#### [ABOUT THIS EXERCISE]
When you write out the listing, keep every character and omit the pictures.

== SOURCE MATERIAL

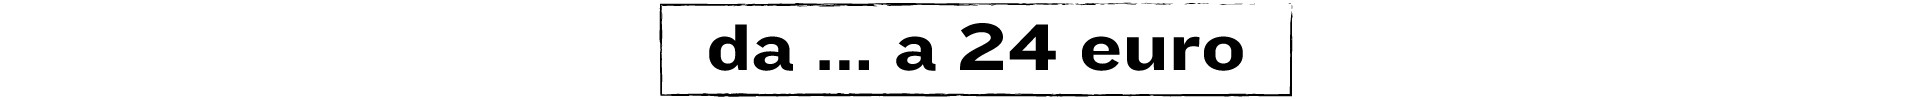 da...a-24-euro.jpg
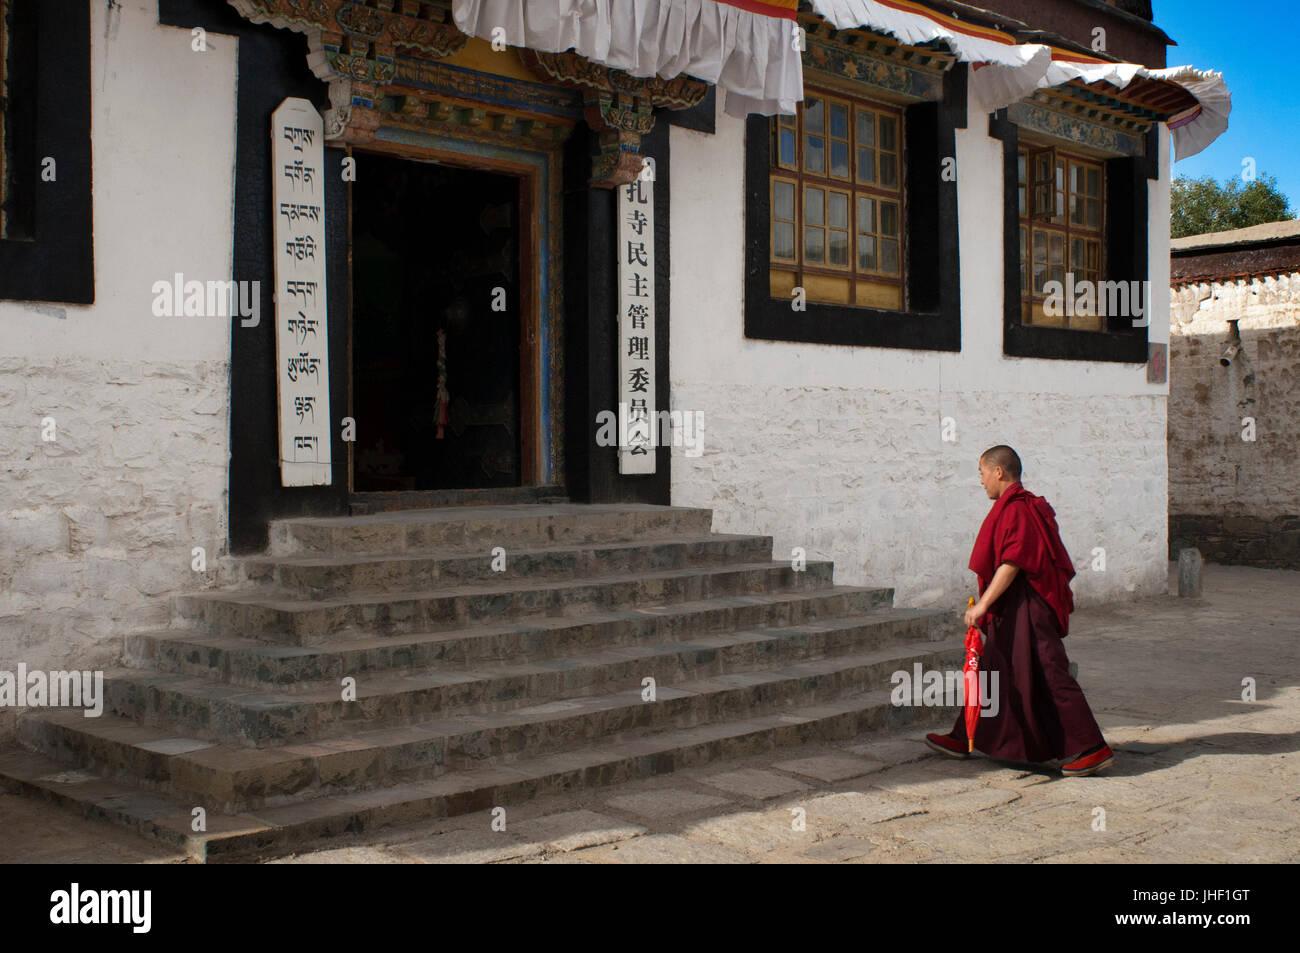 Monk inside Tashilumpo Monastery at Shigatse, Tibet, China. - Stock Image
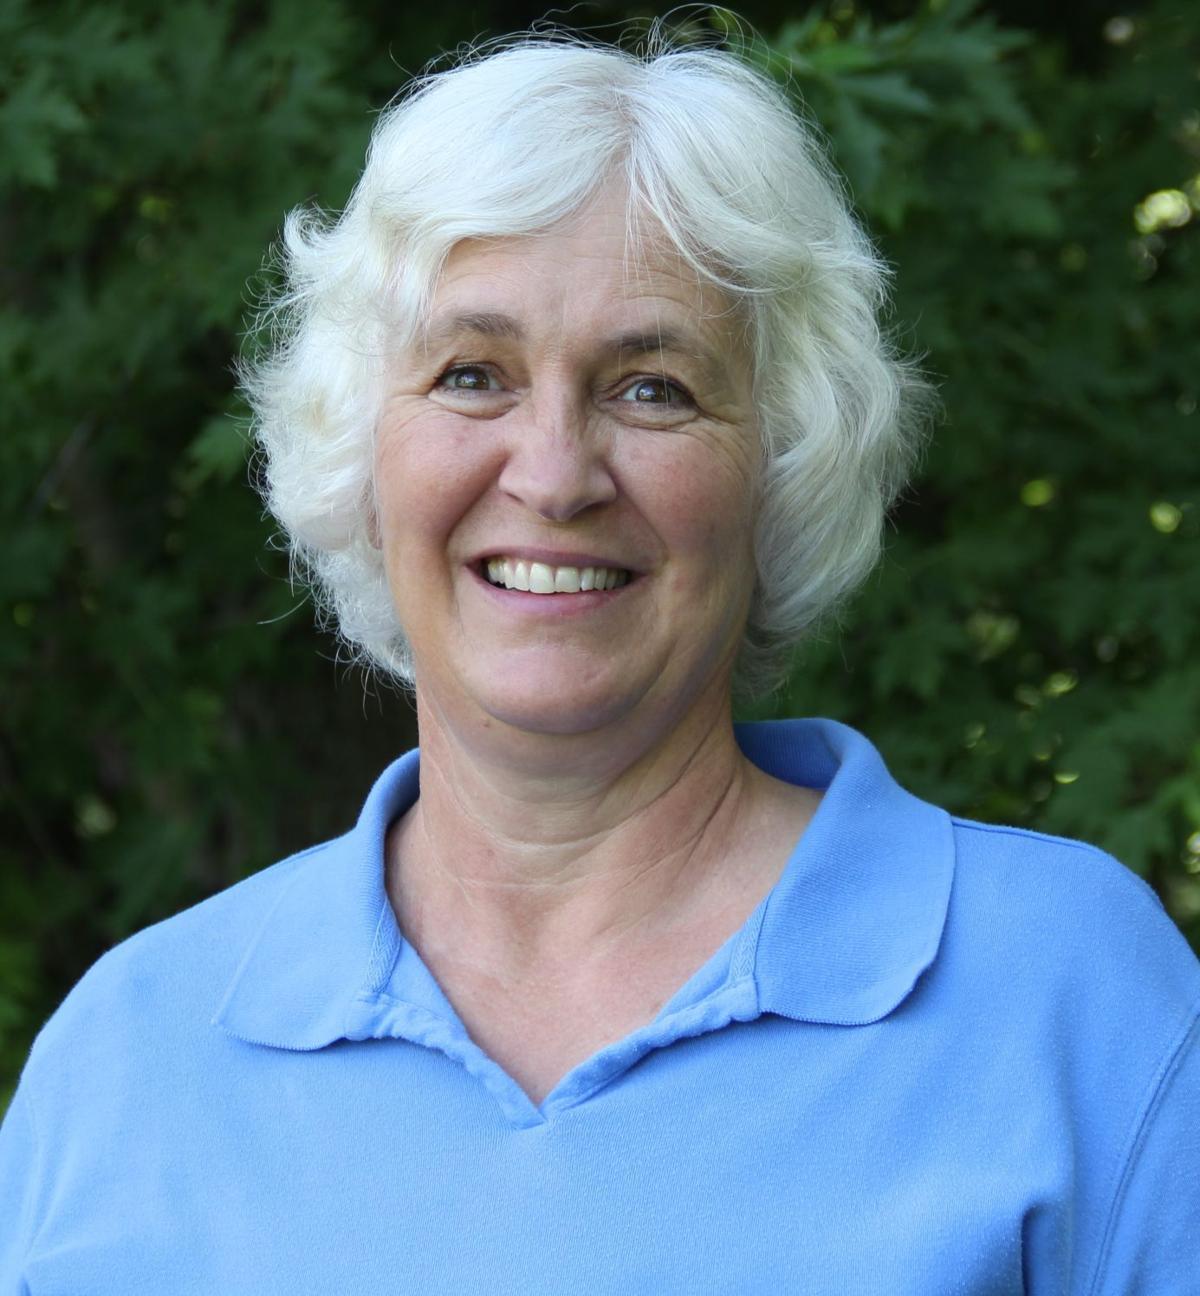 Rhonda Brady

====

#### [ANSWER SECTION]
 da...a-24-euro.jpg
 Monk inside Tashilumpo Monastery at Shigatse, Tibet, China. - Stock Image
 Rhonda Brady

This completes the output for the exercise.